*What is expected:* Could you give the data that follows again exactly, without its pictures?
[Opening Data excerpt section]
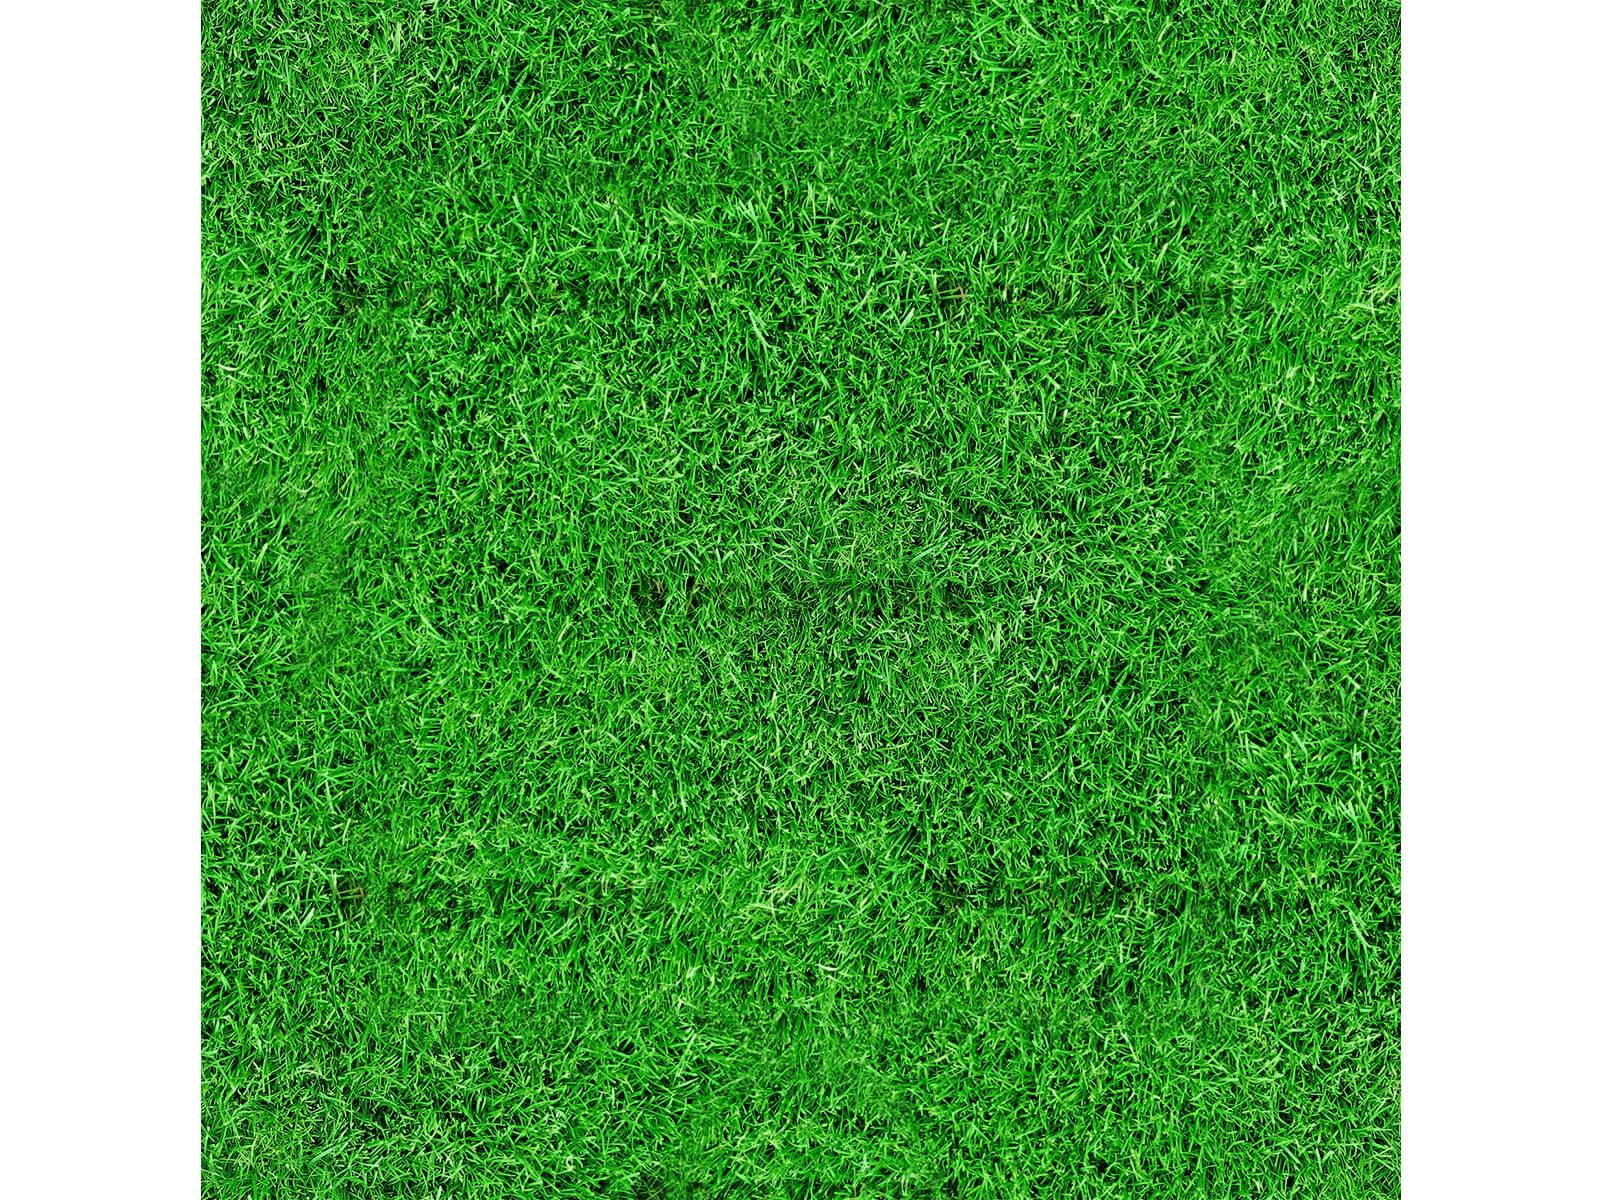 Grass texture 5
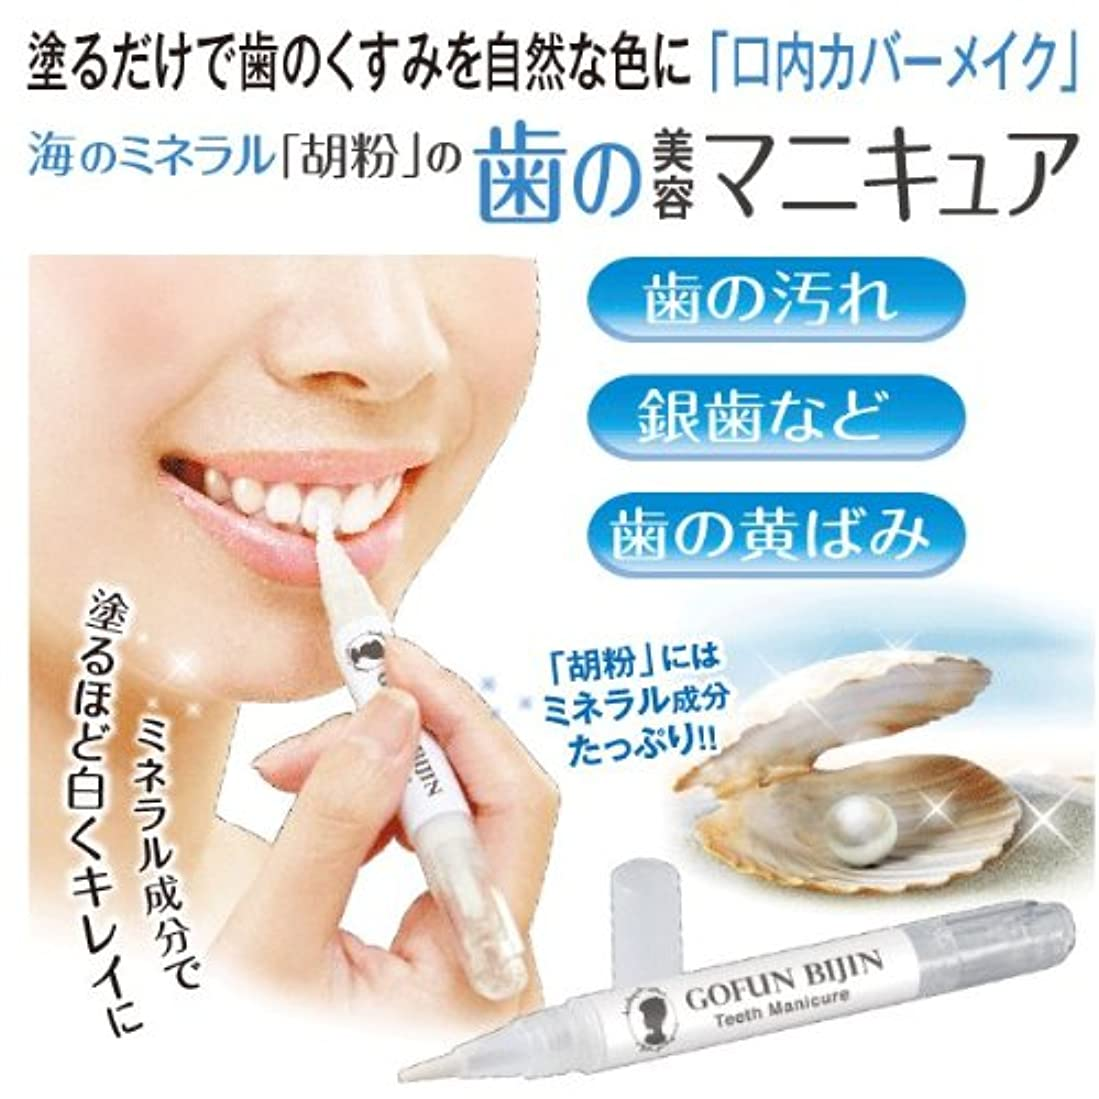 海上医師私たちのもの胡粉美人 歯マニキュア 歯にミネラルを補給してキレイに
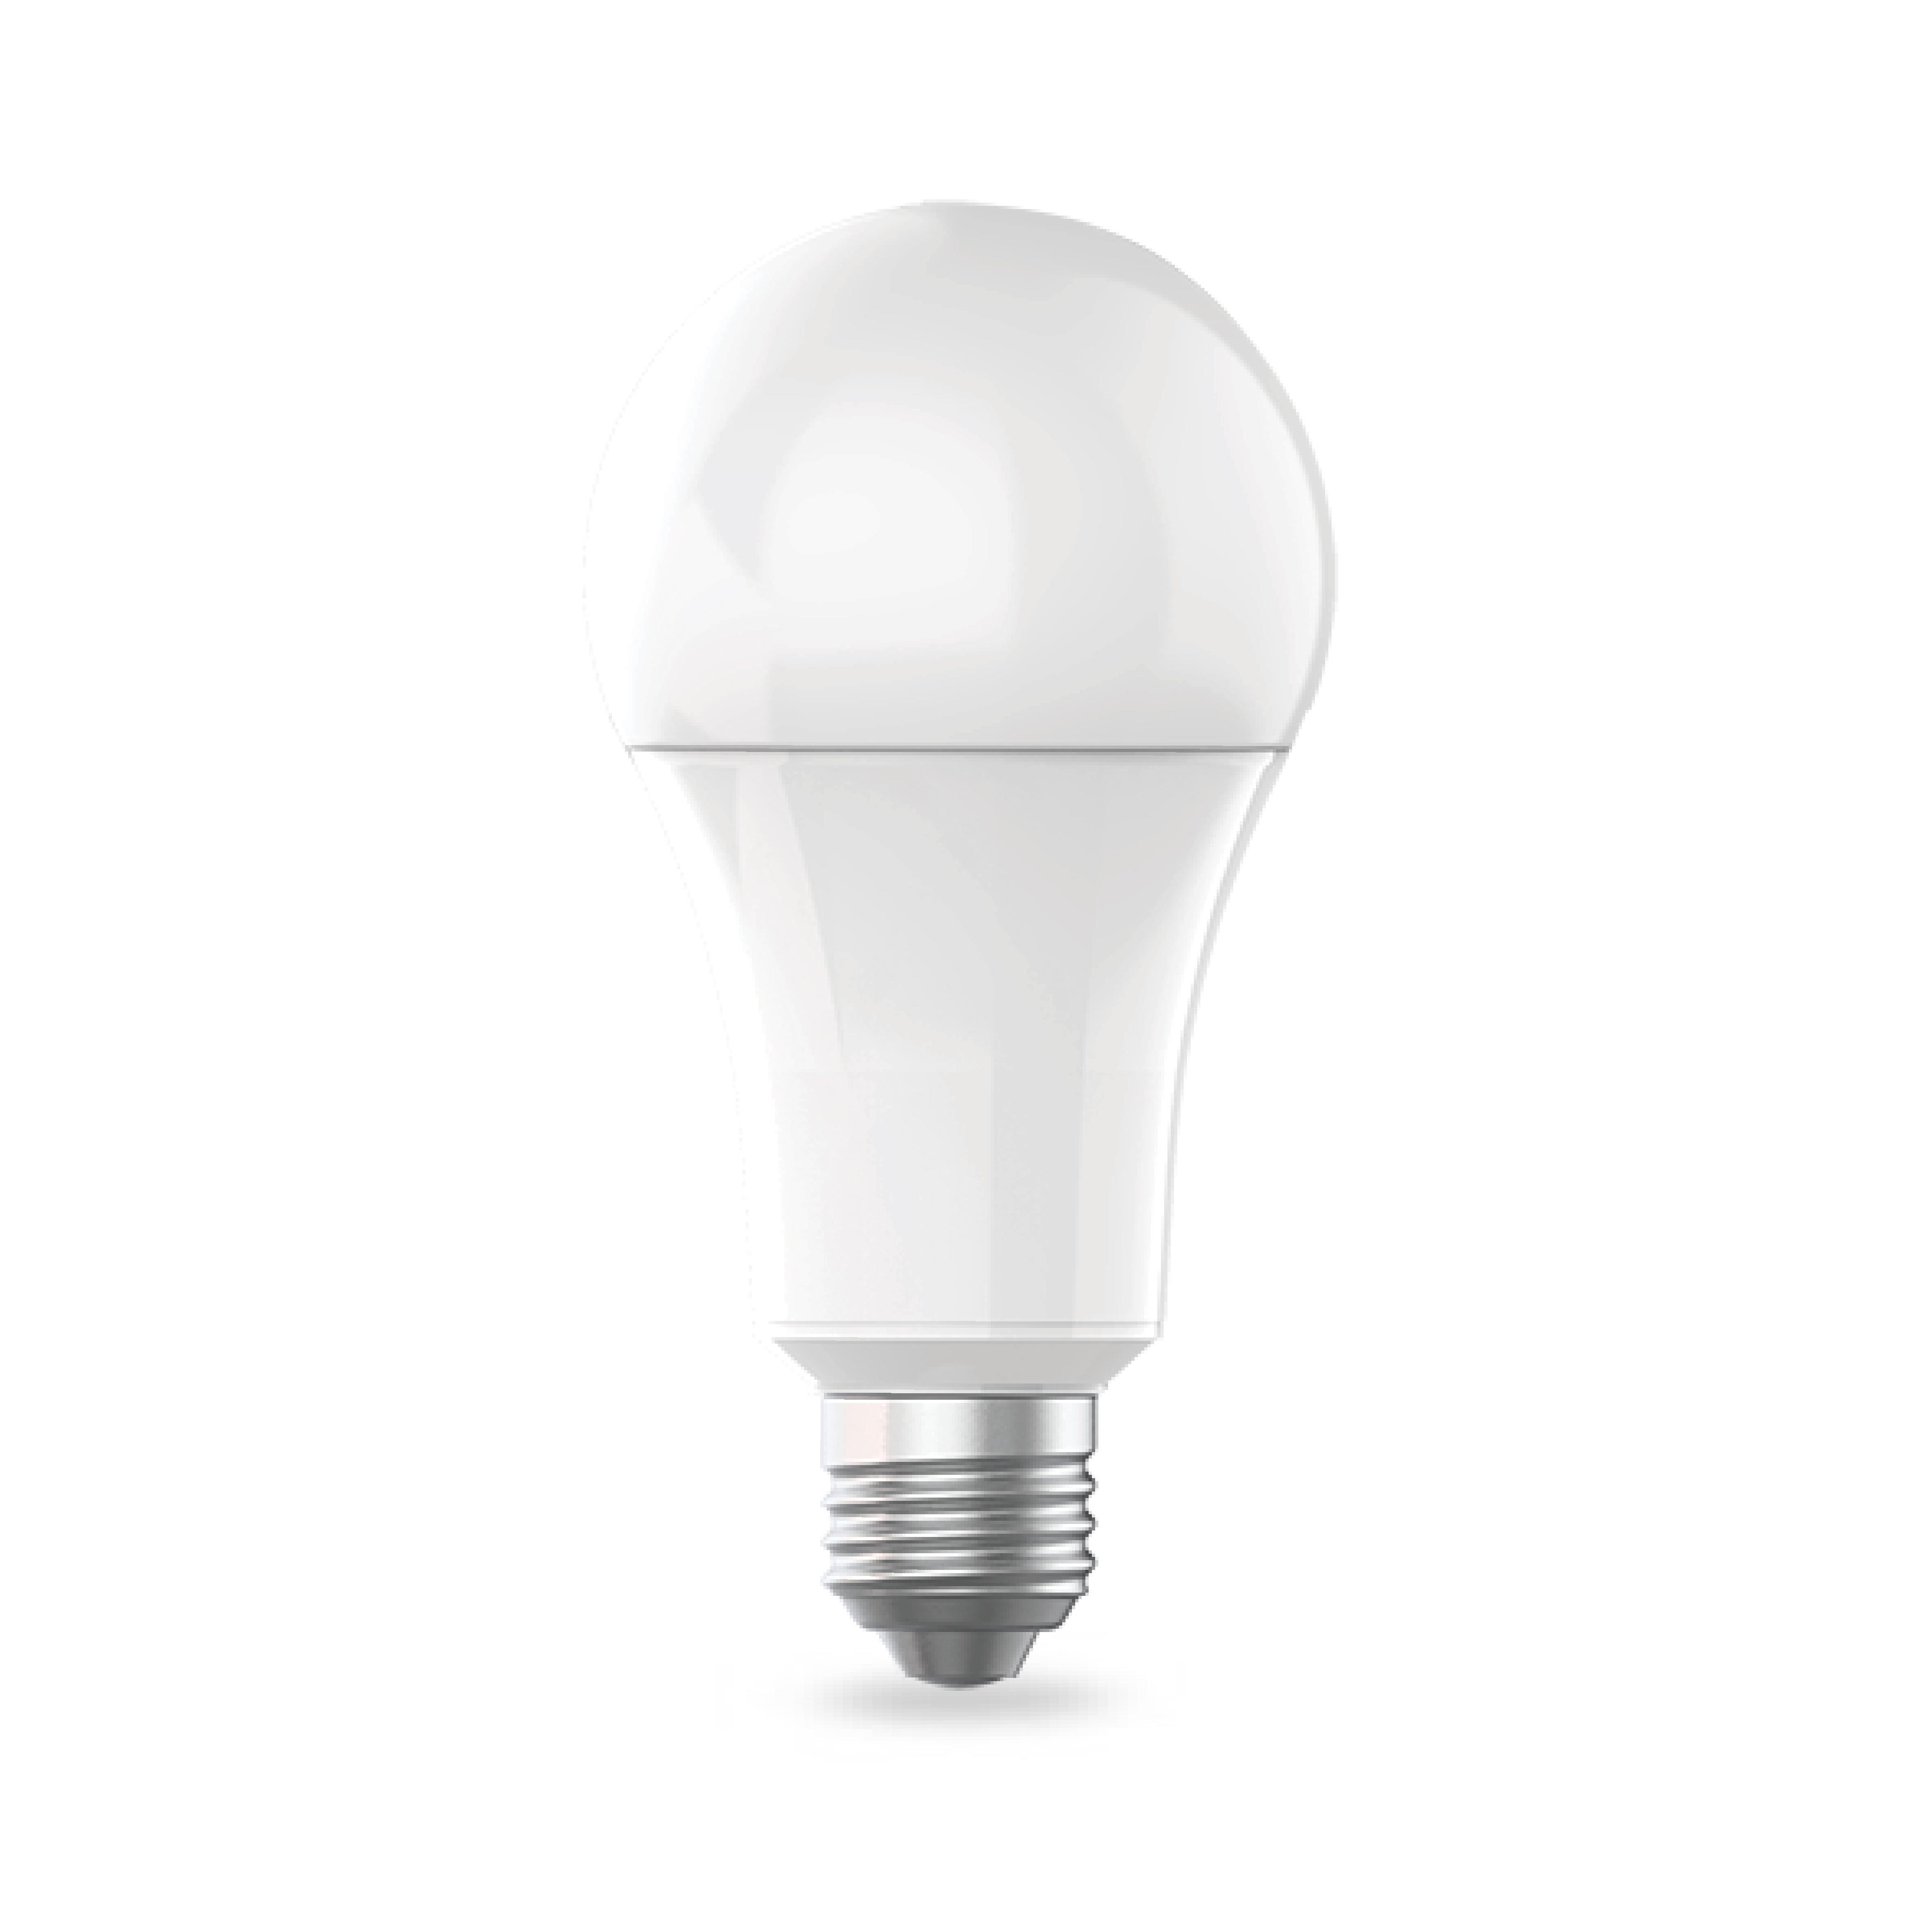 Bóng đèn LED Bulb RGB Kết nối Wifi LED A60 RGBW 9W.WF Chính Hãng Rạng Đông
[Closing Data excerpt section]
*Solved problem:*
 Grass texture 5
 海上医師私たちのもの胡粉美人 歯マニキュア 歯にミネラルを補給してキレイに
 Bóng đèn LED Bulb RGB Kết nối Wifi LED A60 RGBW 9W.WF Chính Hãng Rạng Đông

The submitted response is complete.